In this tutorial, you will focus on using the Text-to-Speech API with Python.

What you'll learn

What you'll need

Codelab-at-a-conference setup

By using a kiosk at Google I/O, a test project has been created and can be accessed by using going to: https://console.cloud.google.com/.

These temporary accounts have existing projects that are set up with billing so that there are no costs associated for you with running this codelab.

Note that all these accounts will be disabled soon after the codelab is over.

Use these credentials to log into the machine or to open a new Google Cloud Console window https://console.cloud.google.com/. Accept the new account Terms of Service and any updates to Terms of Service.

When presented with this console landing page, please select the only project available. Alternatively, from the console home page, click on "Select a Project" :

Start Cloud Shell

While Google Cloud can be operated remotely from your laptop, in this tutorial you will be using Cloud Shell, a command line environment running in the Cloud.

Activate Google Cloud Shell

From the GCP Console click the Cloud Shell icon on the top right toolbar:

If you've never started Cloud Shell before, you'll be presented with an intermediate screen (below the fold) describing what it is. If that's the case, click "Continue" (and you won't ever see it again). Here's what that one-time screen looks like:

It should only take a few moments to provision and connect to the shell environment:

This virtual machine is loaded with all the development tools you'll need. It offers a persistent 5GB home directory, and runs on the Google Cloud, greatly enhancing network performance and authentication. Much, if not all, of your work in this lab can be done with simply a browser or your Google Chromebook.

Once connected to Cloud Shell, you should see that you are already authenticated and that the project is already set to your PROJECT_ID.

Run the following command in Cloud Shell to confirm that you are authenticated:

gcloud auth list

Command output

Credentialed accounts:
 - <myaccount>@<mydomain>.com (active)
gcloud config list project

Command output

[core]
project = <PROJECT_ID>

If it is not, you can set it with this command:

gcloud config set project <PROJECT_ID>

Command output

Updated property [core/project].

Before you can begin using the Text-to-Speech API, you must enable the API. Using Cloud Shell, you can enable the API with the following command:

gcloud services enable texttospeech.googleapis.com

In order to make requests to the Text-to-Speech API, you need to use a Service Account. A Service Account belongs to your project and it is used by the Python client library to make Text-to-Speech API requests. Like any other user account, a service account is represented by an email address. In this section, you will use the Cloud SDK to create a service account and then create credentials you will need to authenticate as the service account.

First, set a PROJECT_ID environment variable:

export PROJECT_ID=$(gcloud config get-value core/project)

Next, create a new service account to access the Text-to-Speech API by using:

gcloud iam service-accounts create my-tts-sa \
  --display-name "my tts service account"

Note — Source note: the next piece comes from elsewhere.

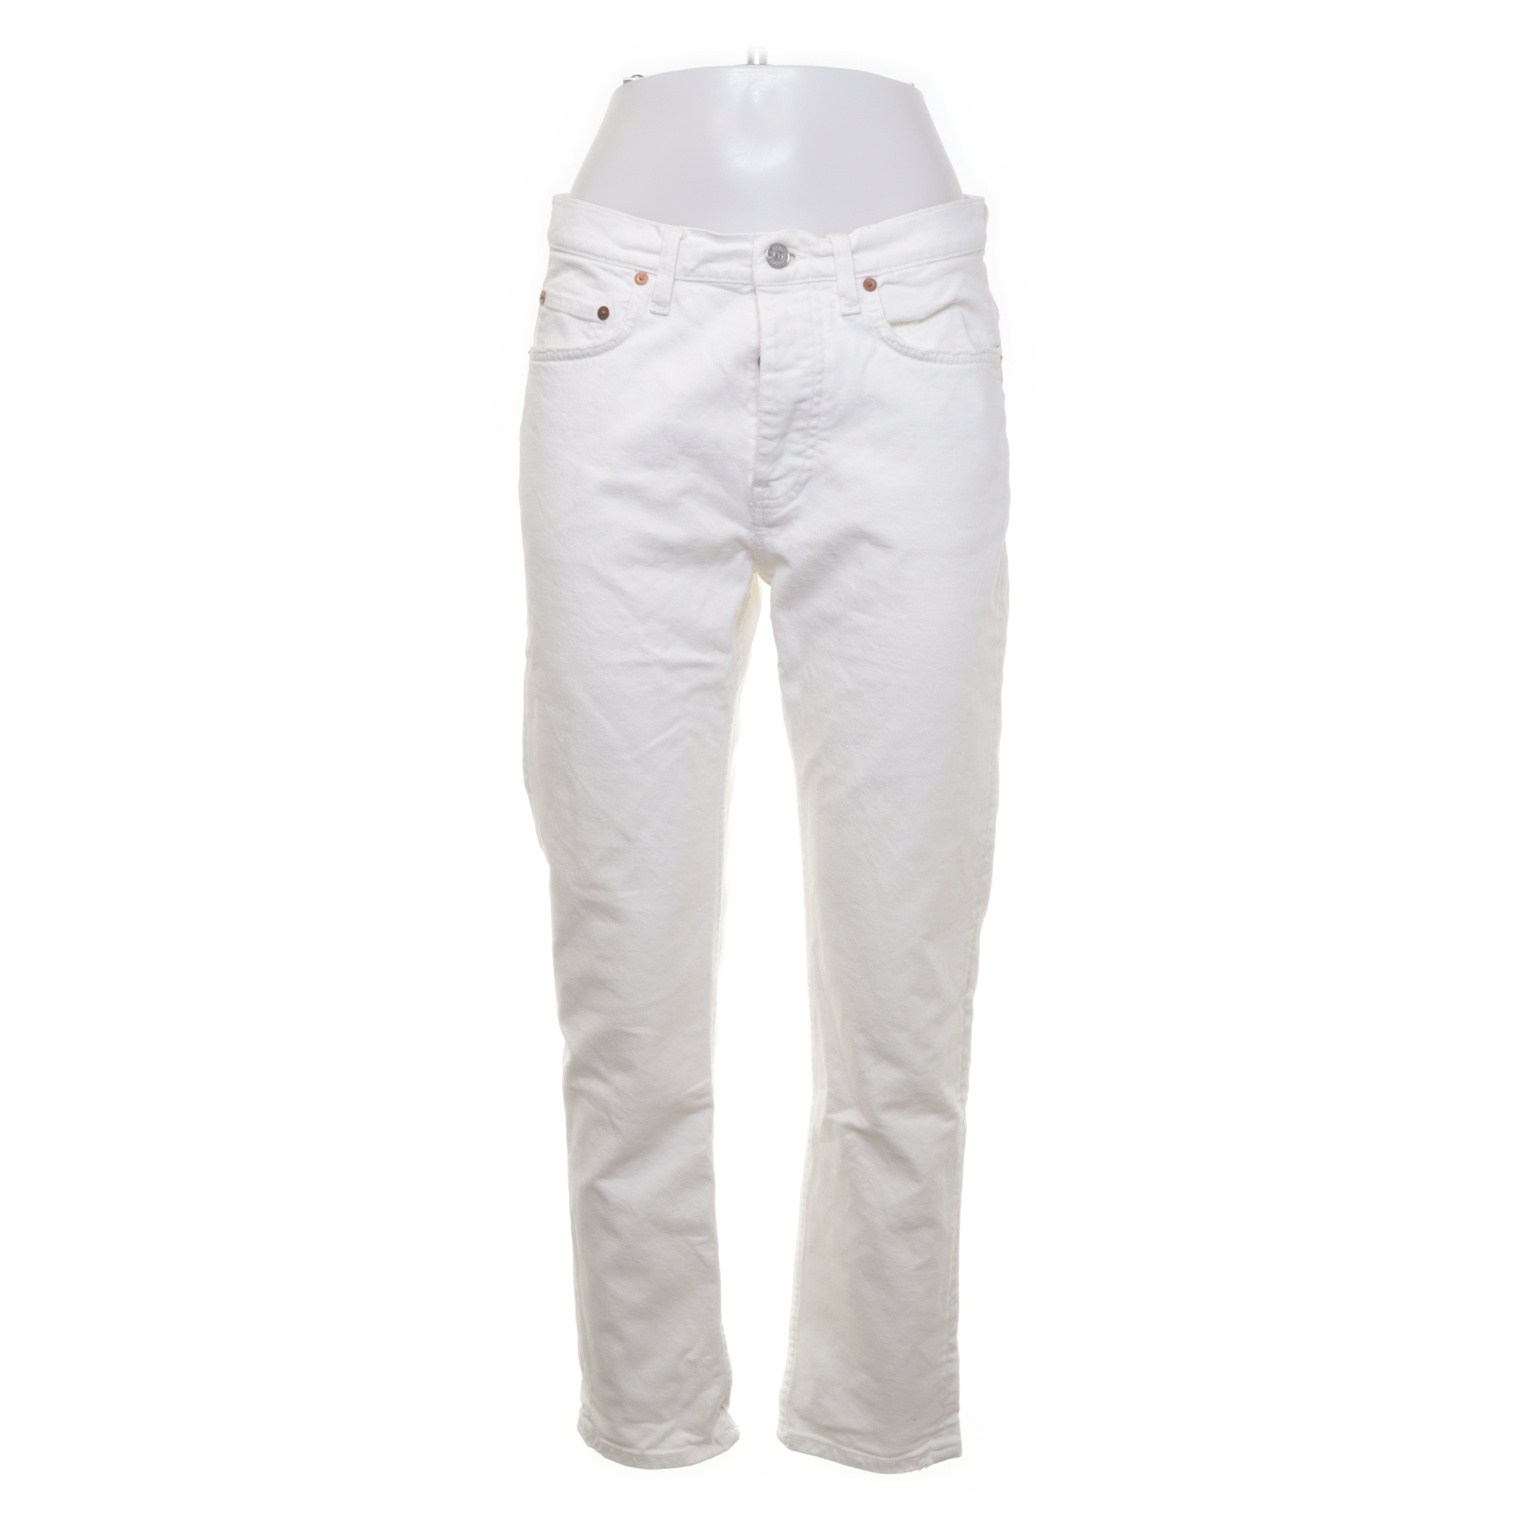 Acne Studios - Jeans - Größe: 30 - Weiß von Acne Studios

Next, create credentials that your Python code will use to login as your new service account. Create and save these credentials as a ~/key.json JSON file by using the following command:

gcloud iam service-accounts keys create ~/key.json \
  --iam-account my-tts-sa@${PROJECT_ID}.iam.gserviceaccount.com

Finally, set the GOOGLE_APPLICATION_CREDENTIALS environment variable, which is used by the Speech-to-Text client library, covered in the next step, to find your credentials. The environment variable should be set to the full path of the credentials JSON file you created:

export GOOGLE_APPLICATION_CREDENTIALS=~/key.json

Install the client library:

pip3 install --user --upgrade google-cloud-texttospeech

You should see something like this:

...
Installing collected packages: google-cloud-texttospeech
Successfully installed google-cloud-texttospeech-1.0.1

Now, you're ready to use the Text-to-Speech API!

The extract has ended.